>>>

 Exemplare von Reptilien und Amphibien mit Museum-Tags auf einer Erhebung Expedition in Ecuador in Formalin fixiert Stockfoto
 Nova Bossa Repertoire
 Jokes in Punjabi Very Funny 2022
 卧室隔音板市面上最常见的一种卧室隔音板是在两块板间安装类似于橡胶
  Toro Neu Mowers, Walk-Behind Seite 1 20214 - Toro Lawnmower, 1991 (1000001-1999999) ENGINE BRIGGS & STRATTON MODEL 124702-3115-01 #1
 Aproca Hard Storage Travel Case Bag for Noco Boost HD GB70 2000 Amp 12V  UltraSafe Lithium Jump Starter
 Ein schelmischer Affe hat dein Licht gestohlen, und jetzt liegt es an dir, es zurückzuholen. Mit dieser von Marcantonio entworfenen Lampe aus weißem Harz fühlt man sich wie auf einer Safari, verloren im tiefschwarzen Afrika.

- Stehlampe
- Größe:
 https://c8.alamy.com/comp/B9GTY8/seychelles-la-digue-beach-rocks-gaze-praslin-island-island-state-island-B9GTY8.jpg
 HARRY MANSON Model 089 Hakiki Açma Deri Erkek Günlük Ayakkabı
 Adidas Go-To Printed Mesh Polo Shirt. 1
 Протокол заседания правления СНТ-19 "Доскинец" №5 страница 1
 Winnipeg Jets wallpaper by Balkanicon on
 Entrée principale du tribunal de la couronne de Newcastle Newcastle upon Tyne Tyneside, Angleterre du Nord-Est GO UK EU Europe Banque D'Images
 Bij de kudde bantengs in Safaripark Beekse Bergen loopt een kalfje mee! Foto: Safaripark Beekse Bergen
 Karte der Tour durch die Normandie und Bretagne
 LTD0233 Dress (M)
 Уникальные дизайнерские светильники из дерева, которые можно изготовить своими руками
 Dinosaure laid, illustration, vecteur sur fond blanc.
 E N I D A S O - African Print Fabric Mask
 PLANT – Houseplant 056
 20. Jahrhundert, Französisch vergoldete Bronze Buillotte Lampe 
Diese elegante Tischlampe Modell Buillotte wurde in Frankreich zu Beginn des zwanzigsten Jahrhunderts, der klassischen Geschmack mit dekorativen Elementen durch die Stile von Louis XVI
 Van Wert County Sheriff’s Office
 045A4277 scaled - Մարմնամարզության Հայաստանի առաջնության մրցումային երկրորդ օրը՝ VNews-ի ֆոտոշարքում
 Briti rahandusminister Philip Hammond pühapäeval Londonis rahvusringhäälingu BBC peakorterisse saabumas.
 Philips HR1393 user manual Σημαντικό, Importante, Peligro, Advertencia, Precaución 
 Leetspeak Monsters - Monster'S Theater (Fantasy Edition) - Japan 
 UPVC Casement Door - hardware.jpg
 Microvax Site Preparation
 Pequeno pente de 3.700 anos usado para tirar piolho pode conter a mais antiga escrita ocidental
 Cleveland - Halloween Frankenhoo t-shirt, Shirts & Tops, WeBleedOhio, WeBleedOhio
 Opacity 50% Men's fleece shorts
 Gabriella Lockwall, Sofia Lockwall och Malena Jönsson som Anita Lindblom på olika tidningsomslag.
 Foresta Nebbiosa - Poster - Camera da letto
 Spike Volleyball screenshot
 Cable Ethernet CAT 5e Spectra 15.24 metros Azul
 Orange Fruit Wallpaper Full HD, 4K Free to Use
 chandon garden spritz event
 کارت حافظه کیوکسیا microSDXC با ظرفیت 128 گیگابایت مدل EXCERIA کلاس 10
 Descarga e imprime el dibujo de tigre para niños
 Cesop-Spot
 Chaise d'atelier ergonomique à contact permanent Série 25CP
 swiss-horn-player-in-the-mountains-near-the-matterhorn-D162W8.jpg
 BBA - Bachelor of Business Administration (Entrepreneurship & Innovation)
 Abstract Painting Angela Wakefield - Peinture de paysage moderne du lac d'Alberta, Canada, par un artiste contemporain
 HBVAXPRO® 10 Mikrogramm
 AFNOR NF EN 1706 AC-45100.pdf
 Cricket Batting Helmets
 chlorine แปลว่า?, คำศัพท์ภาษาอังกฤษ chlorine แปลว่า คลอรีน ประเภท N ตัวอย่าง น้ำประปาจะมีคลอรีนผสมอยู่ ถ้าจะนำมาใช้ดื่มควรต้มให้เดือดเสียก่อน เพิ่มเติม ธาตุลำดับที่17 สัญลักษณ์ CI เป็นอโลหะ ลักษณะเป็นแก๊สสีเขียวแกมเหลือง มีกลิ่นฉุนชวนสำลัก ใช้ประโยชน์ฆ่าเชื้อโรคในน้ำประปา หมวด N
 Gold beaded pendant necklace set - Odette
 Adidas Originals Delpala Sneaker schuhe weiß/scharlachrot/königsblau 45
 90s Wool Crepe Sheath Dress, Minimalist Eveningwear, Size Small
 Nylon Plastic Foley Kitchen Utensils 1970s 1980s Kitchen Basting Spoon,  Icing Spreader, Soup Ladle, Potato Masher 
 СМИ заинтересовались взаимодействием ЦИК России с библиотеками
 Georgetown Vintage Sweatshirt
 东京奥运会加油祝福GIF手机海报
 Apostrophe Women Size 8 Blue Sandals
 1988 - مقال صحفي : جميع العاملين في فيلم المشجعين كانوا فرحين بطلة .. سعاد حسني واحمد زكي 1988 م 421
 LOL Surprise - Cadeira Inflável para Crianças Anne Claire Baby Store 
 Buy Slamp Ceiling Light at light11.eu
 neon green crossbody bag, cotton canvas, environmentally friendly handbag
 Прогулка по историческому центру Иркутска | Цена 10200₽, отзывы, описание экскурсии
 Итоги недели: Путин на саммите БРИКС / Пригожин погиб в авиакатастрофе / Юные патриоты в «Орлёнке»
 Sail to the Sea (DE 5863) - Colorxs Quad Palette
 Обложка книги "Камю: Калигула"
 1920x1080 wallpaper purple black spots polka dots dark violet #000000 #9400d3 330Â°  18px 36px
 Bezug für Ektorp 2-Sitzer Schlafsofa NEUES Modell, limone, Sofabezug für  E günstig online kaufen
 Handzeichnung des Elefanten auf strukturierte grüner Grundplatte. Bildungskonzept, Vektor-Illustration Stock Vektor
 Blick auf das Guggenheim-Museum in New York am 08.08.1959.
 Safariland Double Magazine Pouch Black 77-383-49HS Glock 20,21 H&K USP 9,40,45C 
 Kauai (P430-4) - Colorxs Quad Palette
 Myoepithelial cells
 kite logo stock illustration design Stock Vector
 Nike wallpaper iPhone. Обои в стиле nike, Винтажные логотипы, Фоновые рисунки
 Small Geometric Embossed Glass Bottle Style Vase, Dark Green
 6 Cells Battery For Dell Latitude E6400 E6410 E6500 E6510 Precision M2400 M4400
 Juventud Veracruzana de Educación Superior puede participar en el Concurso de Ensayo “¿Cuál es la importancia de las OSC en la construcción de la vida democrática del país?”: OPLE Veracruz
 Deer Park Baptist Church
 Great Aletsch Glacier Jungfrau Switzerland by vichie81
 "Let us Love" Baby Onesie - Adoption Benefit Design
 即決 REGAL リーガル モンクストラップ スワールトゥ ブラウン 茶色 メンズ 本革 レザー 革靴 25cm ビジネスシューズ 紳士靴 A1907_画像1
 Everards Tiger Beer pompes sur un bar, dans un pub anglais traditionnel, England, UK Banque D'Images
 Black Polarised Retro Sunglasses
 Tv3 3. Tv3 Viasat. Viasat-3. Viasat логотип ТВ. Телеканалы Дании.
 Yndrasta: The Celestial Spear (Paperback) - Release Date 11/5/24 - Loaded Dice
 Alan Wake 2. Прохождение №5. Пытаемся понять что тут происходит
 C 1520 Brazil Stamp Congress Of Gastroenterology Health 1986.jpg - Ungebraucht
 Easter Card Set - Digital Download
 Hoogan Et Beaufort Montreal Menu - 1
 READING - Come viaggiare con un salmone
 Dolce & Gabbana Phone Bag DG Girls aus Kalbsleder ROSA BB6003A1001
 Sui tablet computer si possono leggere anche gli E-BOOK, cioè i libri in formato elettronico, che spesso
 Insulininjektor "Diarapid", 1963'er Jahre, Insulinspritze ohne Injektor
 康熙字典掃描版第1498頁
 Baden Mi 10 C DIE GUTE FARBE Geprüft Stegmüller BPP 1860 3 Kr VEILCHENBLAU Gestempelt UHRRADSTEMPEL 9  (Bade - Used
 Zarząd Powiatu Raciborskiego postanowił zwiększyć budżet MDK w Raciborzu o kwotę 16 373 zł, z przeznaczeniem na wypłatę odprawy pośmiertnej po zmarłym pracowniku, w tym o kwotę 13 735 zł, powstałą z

<<<

- **Aim of the task**: Please transcribe exactly the lines above from the line that has "Adidas Originals Delpala" up to and including the line that has "1988 - مقال"; no other line belongs in the answer.

- **Output for this task**:
 Adidas Originals Delpala Sneaker schuhe weiß/scharlachrot/königsblau 45
 90s Wool Crepe Sheath Dress, Minimalist Eveningwear, Size Small
 Nylon Plastic Foley Kitchen Utensils 1970s 1980s Kitchen Basting Spoon,  Icing Spreader, Soup Ladle, Potato Masher 
 СМИ заинтересовались взаимодействием ЦИК России с библиотеками
 Georgetown Vintage Sweatshirt
 东京奥运会加油祝福GIF手机海报
 Apostrophe Women Size 8 Blue Sandals
 1988 - مقال صحفي : جميع العاملين في فيلم المشجعين كانوا فرحين بطلة .. سعاد حسني واحمد زكي 1988 م 421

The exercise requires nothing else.